▶ [Task prompt]
For this exercise, return exactly the lines of the material below that begin at the one with "爽やかフレッシュなエレピ&サックス、綺麗の再生済みの波形" and stop after the one with "e6ec3d11fd Przejdź do".

▶ [Supplied records]

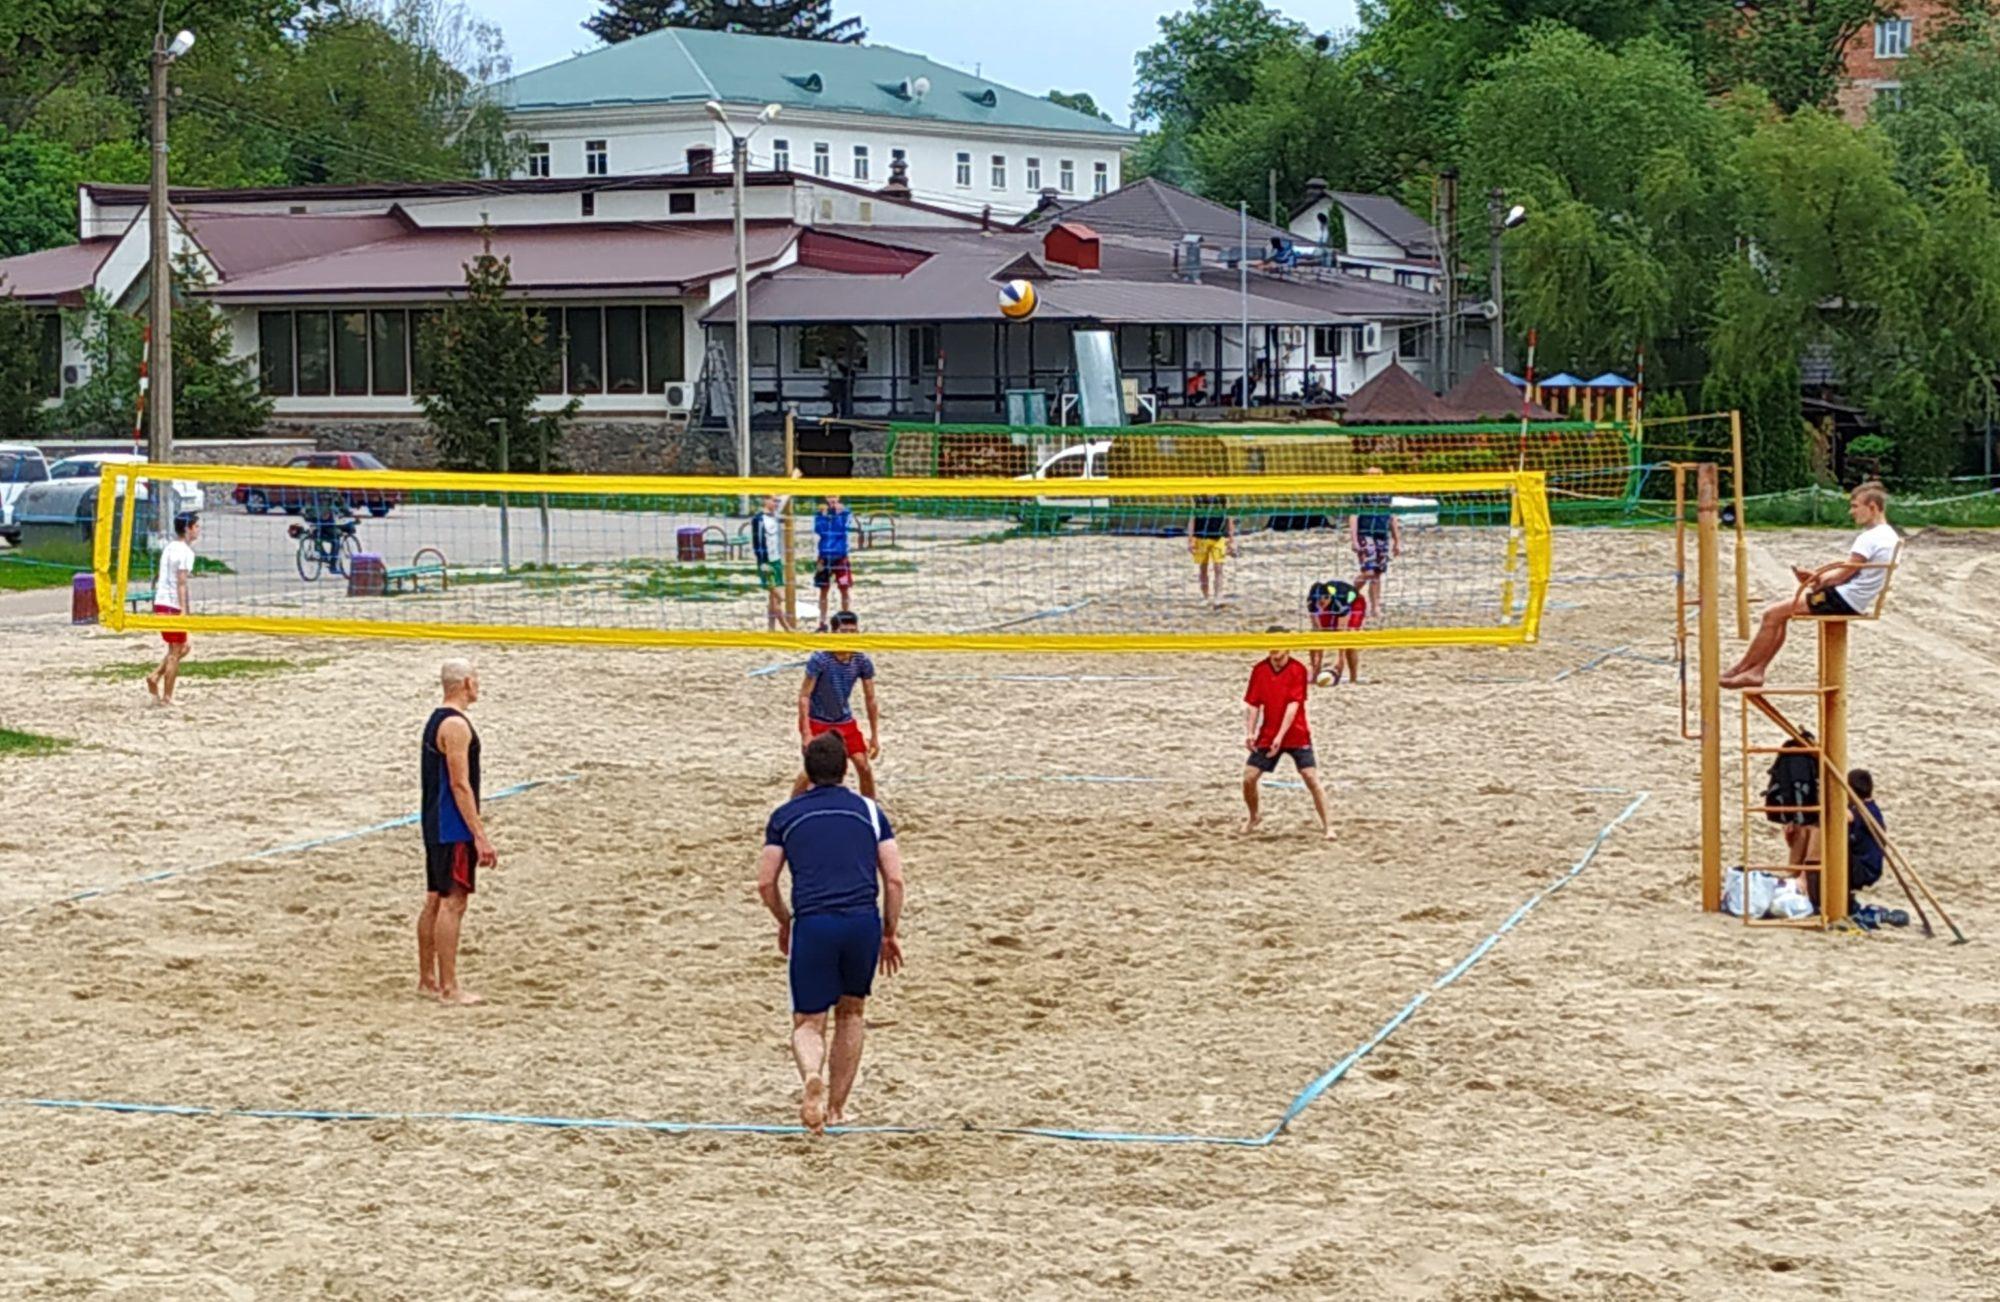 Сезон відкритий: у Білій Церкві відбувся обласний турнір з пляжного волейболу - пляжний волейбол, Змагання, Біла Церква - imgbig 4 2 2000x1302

--

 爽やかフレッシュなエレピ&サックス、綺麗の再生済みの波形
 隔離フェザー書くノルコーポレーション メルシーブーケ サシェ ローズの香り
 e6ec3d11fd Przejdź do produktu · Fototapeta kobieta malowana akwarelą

▶ [Solution below]
 爽やかフレッシュなエレピ&サックス、綺麗の再生済みの波形
 隔離フェザー書くノルコーポレーション メルシーブーケ サシェ ローズの香り
 e6ec3d11fd Przejdź do produktu · Fototapeta kobieta malowana akwarelą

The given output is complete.